He is coming around to my mom and even putting his nose into her hand when she stops petting him. We had a breakthrough earlier this morning in that he finally went in his yard/pen. But he's had an upset stomach today as well and threw up a couple of times.


----------



## Chere (May 22, 2009)

You could immediately put him off of the bed if he growls. Only put him back on when he is calm. The bed helped us so much but maybe it is not for you. Our guys were much more submissive on the bed.


----------



## MelissaJane (Jun 18, 2009)

He's basically very good on the bed except for those two times. Right now, he's sound asleep.


----------



## Chere (May 22, 2009)

If he is really good on the most of the time then I think he will quickly learn about "no growling on the bed" if you put him down if he does it again. Hopefully, he is settling in and you won't have that issue again. House training just takes time and patience.
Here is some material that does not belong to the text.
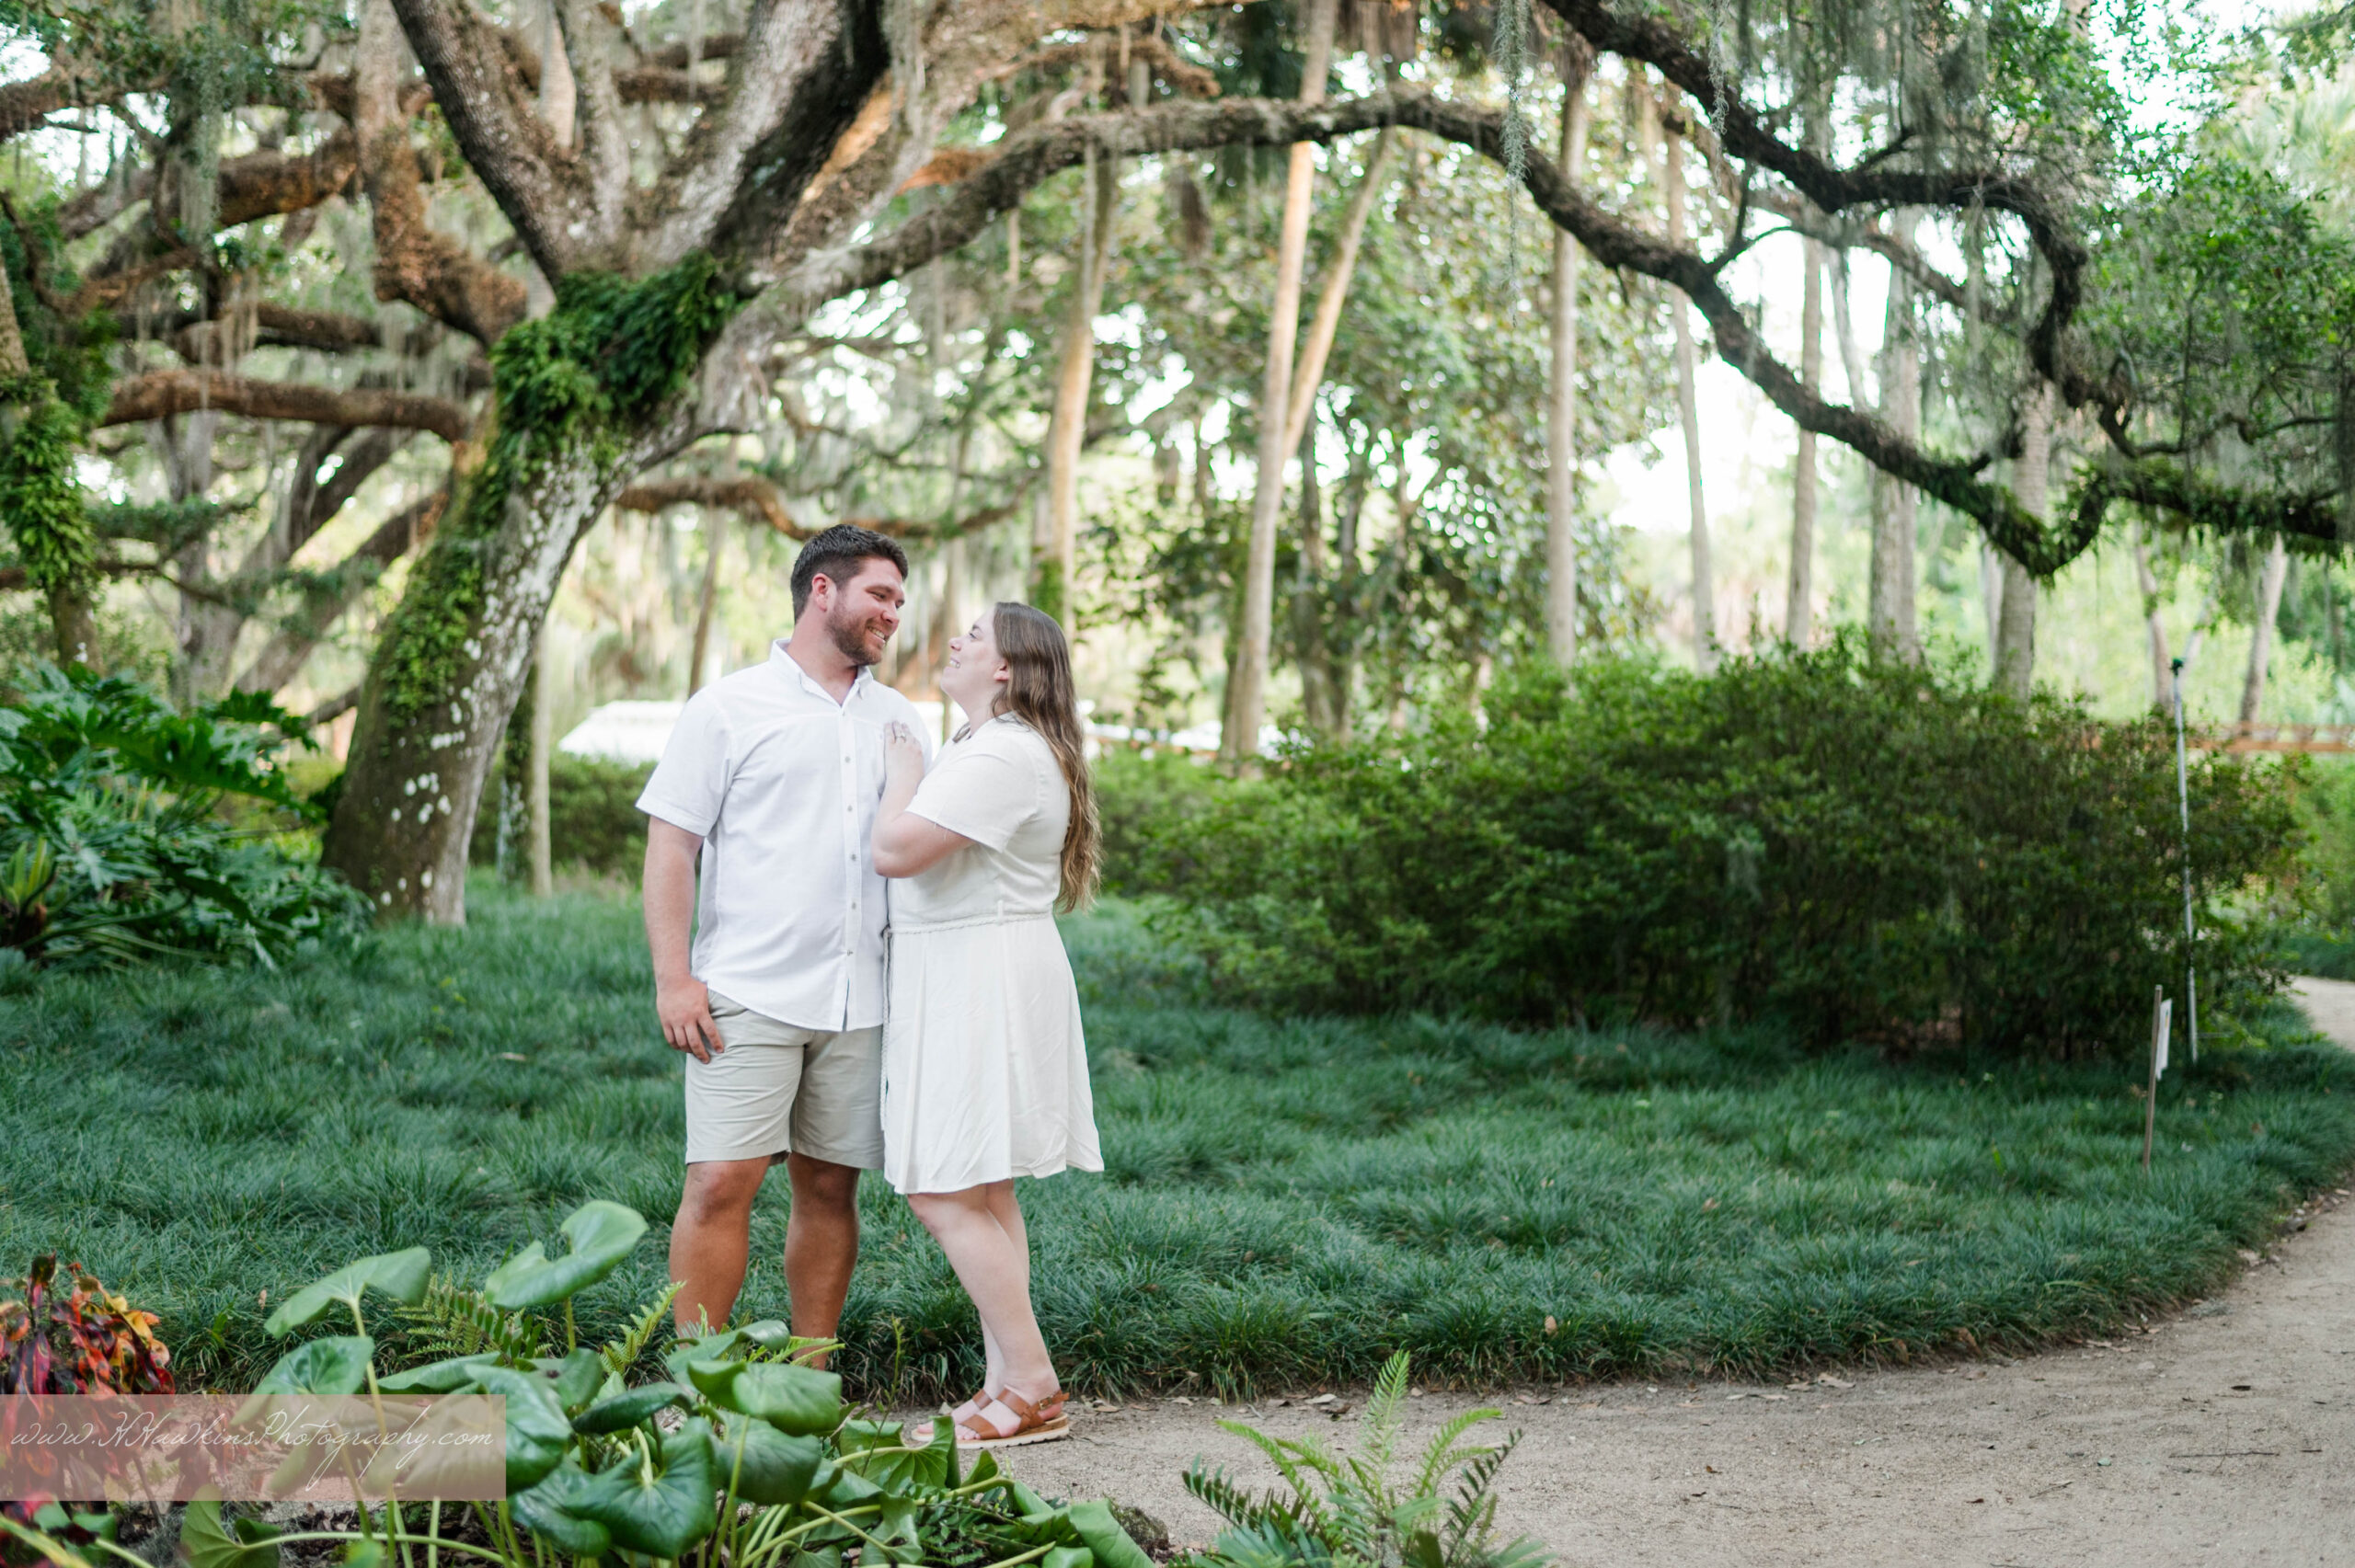 Engaged couple in white dress and shirt stand in front of mammoth mature oak trees at Washington Oaks Gardens State Park during their engagement photo session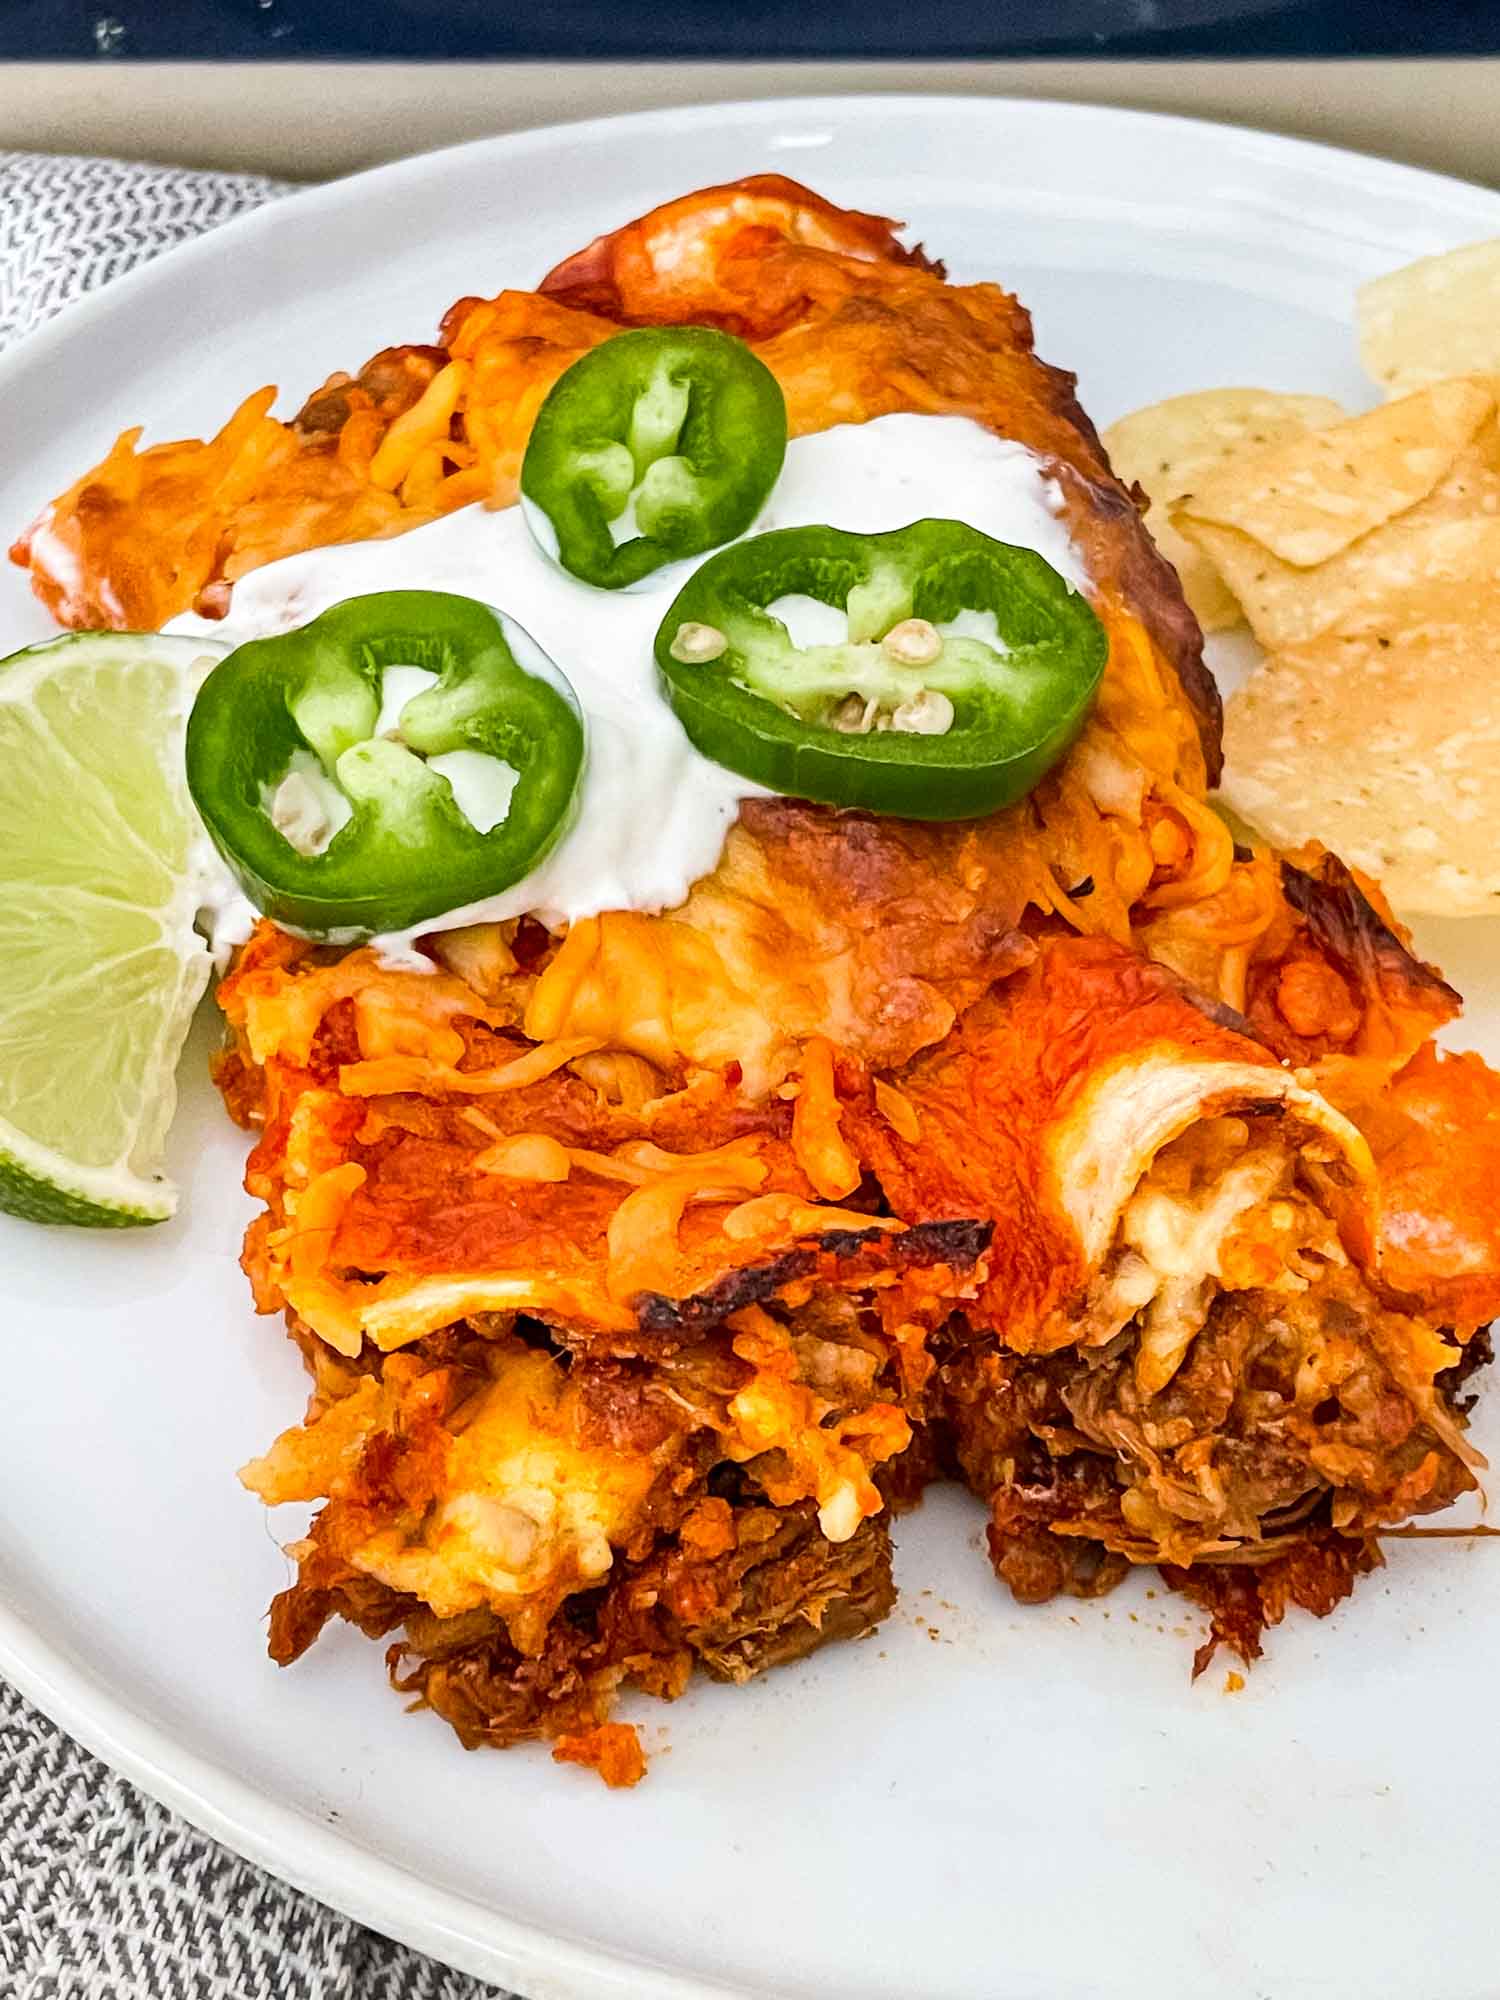 Two Shredded Beef Enchiladas on a plate with sour cream and jalapenos on top

I thought we were really there but then my little guys had some excitement around them and they reverted. Seem to be back on track now though!


----------



## MelissaJane (Jun 18, 2009)

The hardest part with his housebreaking is since he was found without a collar on, we have no idea how exactly he was trained. I bought some pee-pads over the weekend, but he just lies on it like it's a new bankie. It's actually kind of cute. He did go in the yard/pen today so I was happy.


----------



## HavaneseSoon (Nov 4, 2008)

MelissaJane said:


> The hardest part with his housebreaking is since he was found without a collar on, we have no idea how exactly he was trained. I bought some pee-pads over the weekend, but he just lies on it like it's a new bankie. It's actually kind of cute. He did go in the yard/pen today so I was happy.


How is it going?


----------



## MelissaJane (Jun 18, 2009)

He does fairly well on the walks, but he still hasn't learned the concept of the yard, although he did go yesterday. At least, he hasn't gone in the house in the last couple of days.


----------



## Lunastar (Feb 9, 2009)

Oh that is good.


----------



## MelissaJane (Jun 18, 2009)

Yes it is. Lol. Hopefully he'll start going in the yard or on a walk. He's only done it once time each way so far.


----------



## marjrc (Jan 13, 2007)

I keep doing a double take when I see your avatar, Melissa.  

These little guys are definitely a challenge when it comes to housetraining. Sure, some do just fine and in no time, but there are many that seem to take their time with it. Seeing as he had previous owners, it can be a puzzle trying to figure him out. Consistency is key and it sounds like he's doing better. 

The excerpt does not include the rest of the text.